Friday, January 19, 2007

How Low?

Oil is putting on a lively demonstration of what happens when the psychology of a market shifts; the reaction is pretty dramatic. The media are full of stories speculating on how low oil prices can go--and how long it will take sticky retail gasoline prices to catch up--and analysts are poring over data looking for the retrospective tipping point last year. I've been generally bearish for a while, in light of early indications of slowing demand and the prospect that 2007 would see more new producing capacity come on stream than new demand to consume it. That doesn't mean we're headed back to historical averages, however, and it's important to put the factors contributing to the price decline into perspective. We've been here before, but the specific configuration of influences looks rather different.

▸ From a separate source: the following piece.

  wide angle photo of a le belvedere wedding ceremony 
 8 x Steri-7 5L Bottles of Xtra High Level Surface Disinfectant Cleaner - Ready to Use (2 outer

The last time we saw oil go into a deep slide was in the late 1990s, when the key factors were the sudden collapse of demand in Asia, as a result of an expanding economic crisis, and the to coincidental arrival of a large wave of new capacity that had been developed largely to meet the rapid growth of Asian demand. In effect, producers zigged when they should have zagged, and some grades of oil saw single digit prices before the trend reversed. That's not what's happening here. We've had a long bull market driven by steady demand growth, tight capacity, and political risk, none of which is unraveling all at once. Instead, a gradual easing of all three of these is being exaggerated by an unexpectedly warm Northern Hemisphere winter, drying up heating oil demand.

As an article in today's Wall Street Journal points out, another new factor is the growth in biofuels production, which some see expanding to the point of being able to absorb all of oil's incremental demand growth within a few years. The Journal cites some misleading figures for the degree of displacement involved, however, suggesting that current global biofuel production of 10 billion gallons per year, roughly 650,000 barrels per day, equates to a supply of almost 2 million barrels per day (MBD) of Saudi crude. The problem with this math, which assumes a 1/3 yield of gasoline and diesel in a "topping" refinery, is that it ignores the other 2/3 of the barrel, at least some of which also ends up as gasoline and diesel via the secondary feedstock market that fills up the spare cracking capacity of many refineries. It also ignores the lower energy content of ethanol versus gasoline, as well as the oil input to ethanol production.

By the time you factor these in, that 650,000 bbl/day of biofuel looks more like 1 MBD worth of oil on a gasoline/diesel-equivalent basis, and less than 200,000 bbl/day on its total energy contribution. Much of this was already in place in 2005, further reducing its contribution to the sudden shift of the oil market. Looking ahead, the potential incremental biofuels growth between now and 2011 is roughly the equivalent of between 0.3-1.7 MBD, depending on whether you are looking at energy replacement or motor fuels displacement, not the extra 3 MBD the Journal cites. This is hardly insignificant, and it will certainly affect prices, but it's not going to crater the oil market by itself.

The other thing to watch on the biofuels front is its reaction to changing oil prices. I have little doubt that the expected capacity will be built, largely because it looks cheap at roughly $1 invested per gallon per year of corn ethanol capacity. But with petroleum product prices falling and corn prices rising, I wouldn't expect all those plants to run full, even with the $0.51/gallon tax credit. In effect, as biofuels grow out of the niche market they've occupied until recently, they become more like other hydrocarbon liquids and are subject to similar forces of market self-correction as petroleum products, in spite of their environmental benefits.

If I learned anything from more than a decade as an oil trader, it is the tendency of markets to overshoot, in both directions. We are in for a very interesting ride with oil this year, particularly since none of the risk factors I described (1/2/07) a few weeks ago has disappeared. 2007 could even see both $40/bbl and $70/bbl, depending on how these risks play out.